If you have gone that far and modified ghci, wouldn't it be easier to
disable the :load command and hardwire the loading of the UserLayer
module ?
1) CAFs (Constant Applicative Form) are essentially top level
bindings. Top level bindings are closures, as anything in ghc, and
they are in suspended state until they are evaluated. When this
happens the closure is updated to store the computed value, and
because of this evaluation effectively happens only once.
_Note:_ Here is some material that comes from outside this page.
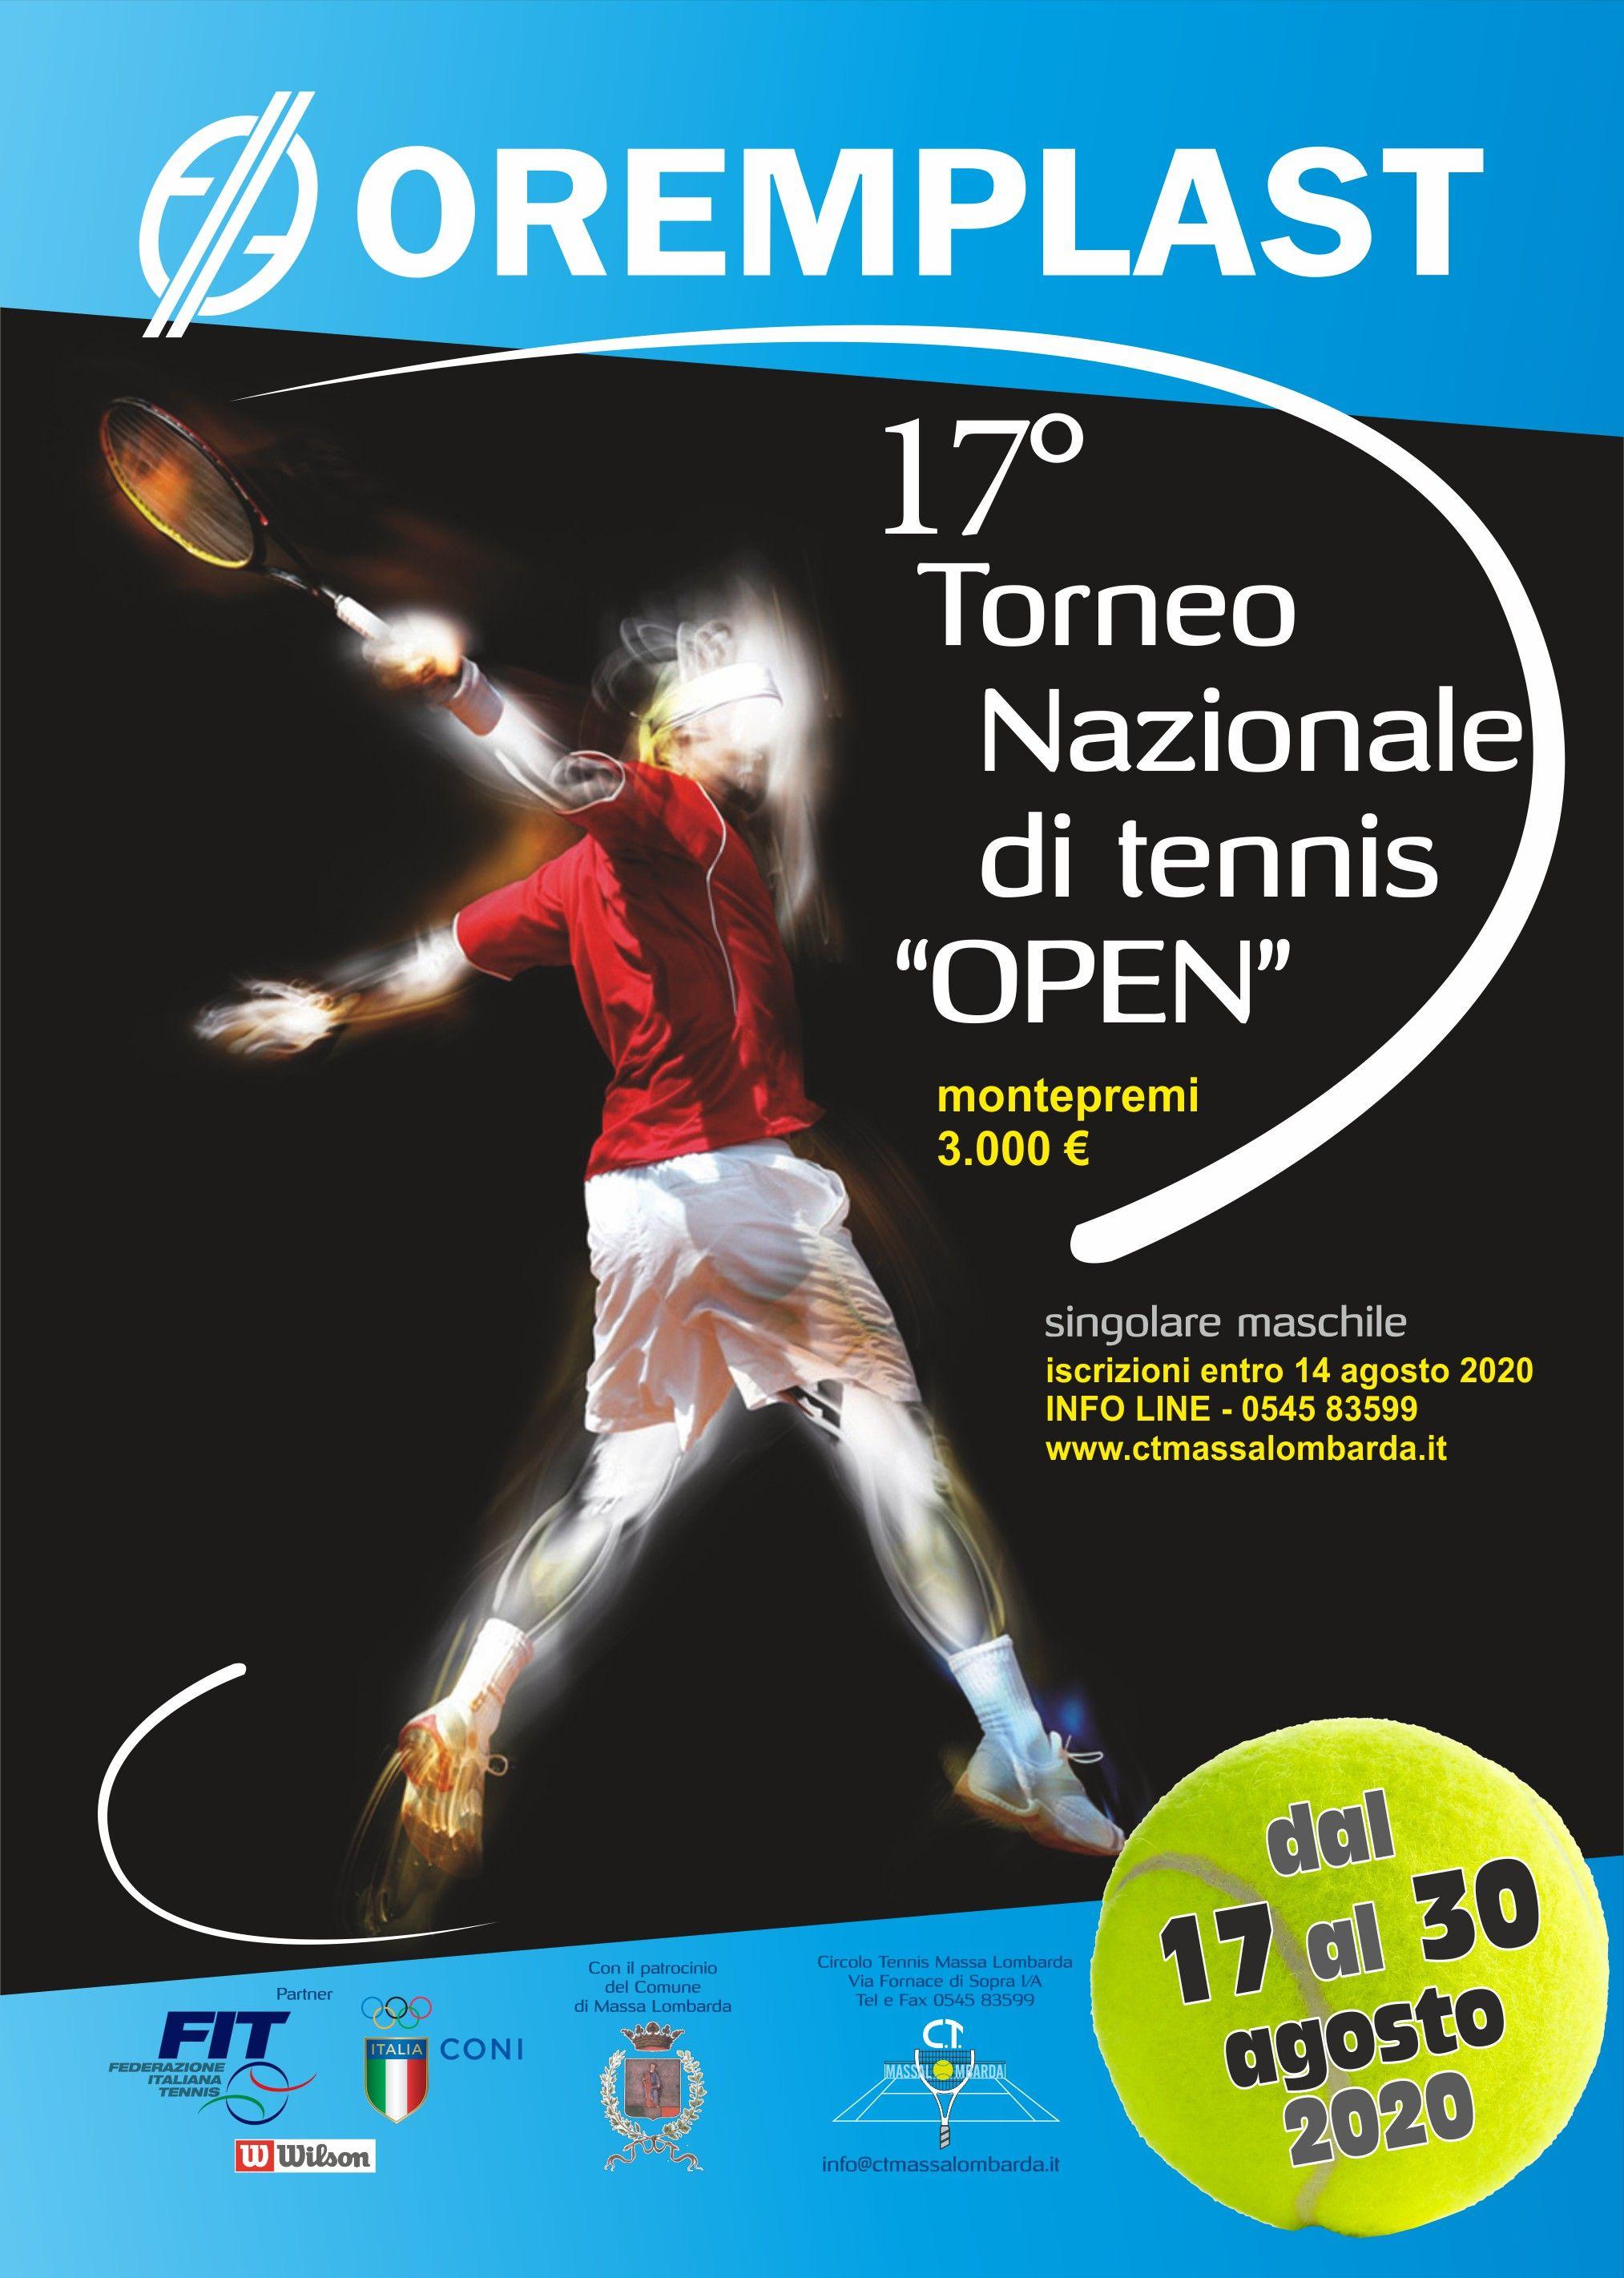 Trofeo Oremplast, torneo Open maschile: Possibile presenza del giovane Luciano Darderi

2) I don't know, but probably you will notice during your experiments
3) Probably no. What happens to top level bindings in the interactive
environment? I think that you lose that environment too after load and
some other commands. An option is to identify and disable all these
commands.
On 18/08/06, Ulf Norell
Hi.
I want to use GHCi as the interface to my Application. The simple solution is to have the Application store its state in global IORefs. A user can then start up ghci with -package Application and use the provided functions to communicate with the Application. This works nicely.
Now the tricky part. I want the user to be able to implement her own layers on top of the Application API. A typical user interaction could look something like this:
$ ghci -package Application *Application:API> startApplication *Application:API> :load UserLayer *main:UserLayer> myCleverFunction 42
The problem, of course, is that as soon as the user says ':load' ghci forgets all about the state of the Application. My solution to the problem is to compile my own version of ghci (copy InteractiveUI.hs and use -package ghc) and remove the call to rts_revertCAFs when loading new modules. This seems to work, but since I don't really have a clue what I'm doing I wanted to ask a few questions:
1) What is a CAF? 2) What breaks down if you don't revert them? 3) Does not reverting the CAFs really solve my problem?